O Enunciado 3 consolida o entendimento de que o proprietário do imóvel objeto do processo de desapropriação, ao verificar a presença de irregularidades no processo administrativo ou de vícios hábeis a invalidar o ato de declaração de utilidade pública, pode provocar o próprio juiz responsável pelo processo judicial previsto no artigo 10 e disciplinado nos artigos 11 a 30 com vistas à sua revisão e eventual anulação, sem a necessidade de intentar nova ação judicial.

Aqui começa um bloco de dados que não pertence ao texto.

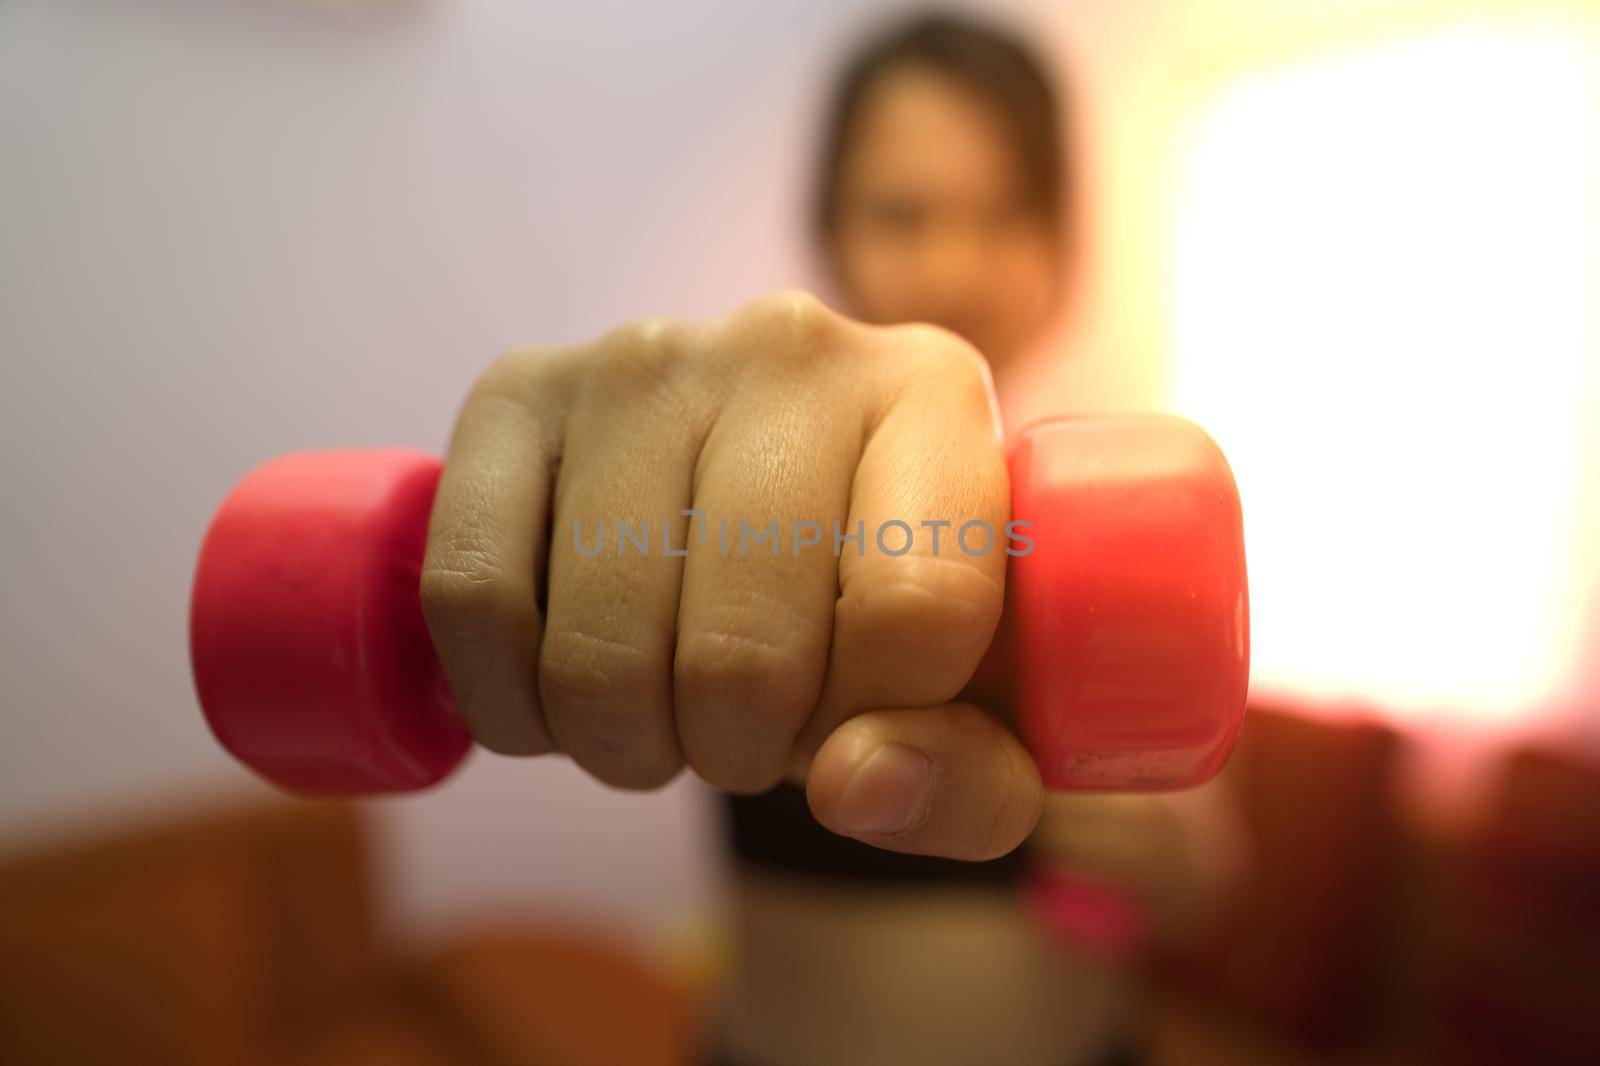 Asian woman training to lift pink dumbbells for building muscle, concept of staying healthy by weight loss and recreation at their own residence.

Ou seja, sem que houvesse a violação do artigo 9º da norma.
O enunciado aprovado, portanto, traz a lume o princípio da inafastabilidade do Poder Judiciário, insculpido no inciso XXXV do artigo 5º da Constituição de 1988, in verbis: “a lei não excluirá da apreciação do Poder Judiciário lesão ou ameaça a direito”. Além disso, o texto do enunciado também ressalta o princípio da economia processual e da celeridade, este previsto no inciso LXXVIII do artigo 5º da CF/1988[6], uma vez que destacou a possibilidade de que o Poder Judiciário acuse a existência de irregularidades no âmbito do processo administrativo ou que invalidem a lisura do ato administrativo de declaração de utilidade pública – isso, repita-se, sem que haja violação à vedação contida no artigo 9º do Decreto-Lei nº 3.365/1941.

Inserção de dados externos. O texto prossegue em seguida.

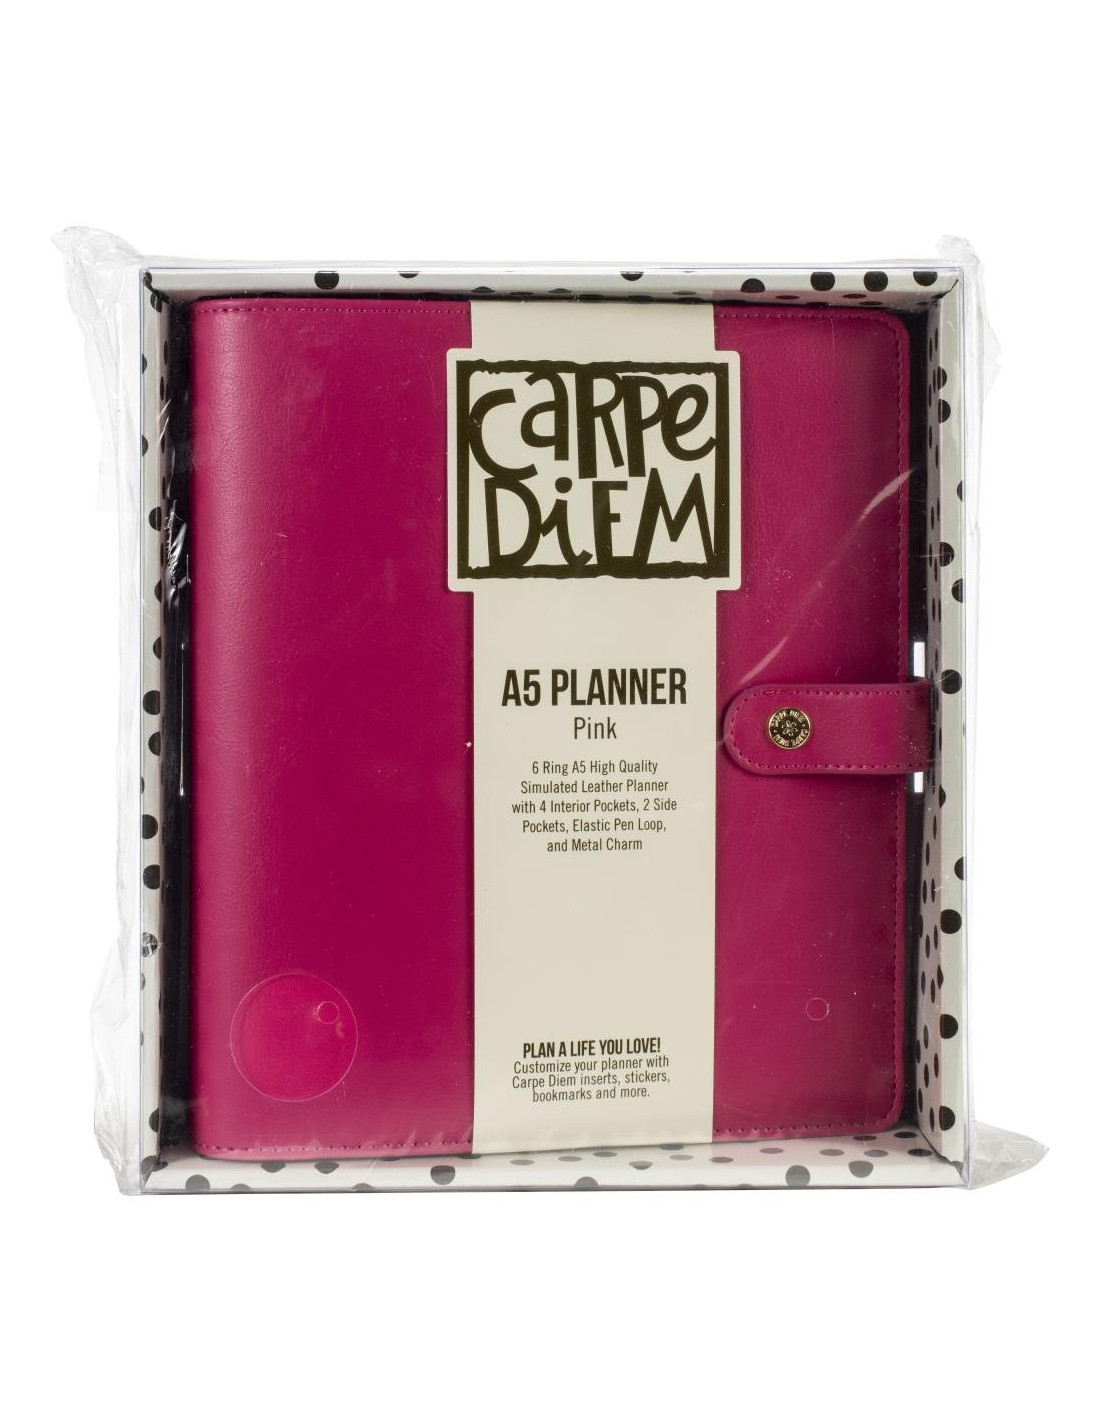 Carpe Diem Planner Ballerina Pink Boxed Set, A5, 6 Ring Simulated Leather  W/ 4 Interior Pockets, 2 Side Pockets, Elastic Pen Loop, & Charm

Dessa forma, o Enunciado 3 da 1ª Jornada de Direito Administrativo interpreta a vedação do artigo 9º do Decreto-Lei nº 3.365/1941 de maneira que não impeça que o proprietário de um bem que seja objeto de um processo de desapropriação alegue, no âmbito do processo judicial instaurado na hipótese de desacordo entre as partes (artigo 10 mencionado), eventuais irregularidades perpetradas na fase do processo administrativo de desapropriação ou a ausência de elementos de validade do ato de declaração de utilidade pública, quando seja o caso.
[1] Art. 1º A desapropriação por utilidade pública regular-se-á por esta lei, em todo o território nacional.
[2] Art. 2º Mediante declaração de utilidade pública, todos os bens poderão ser desapropriados pela União, pelos Estados, Municípios, Distrito Federal e Territórios.
[3] Art. 6º A declaração de utilidade pública far-se-á por decreto do Presidente da República, Governador, Interventor ou Prefeito.
[4] Art. 8º O Poder Legislativo poderá tomar a iniciativa da desapropriação, cumprindo, neste caso, ao Executivo, praticar os atos necessários à sua efetivação.
[5] TJ-SP 00060569720128260238 SP 0006056-97.2012.8.26.0238, Relator: Marcos Pimentel Tamassia, Data de Julgamento: 24/10/2017, 1ª Câmara de Direito Público.
[6] Art. 5º […] LXXVIII – a todos, no âmbito judicial e administrativo, são assegurados a razoável duração do processo e os meios que garantam a celeridade de sua tramitação.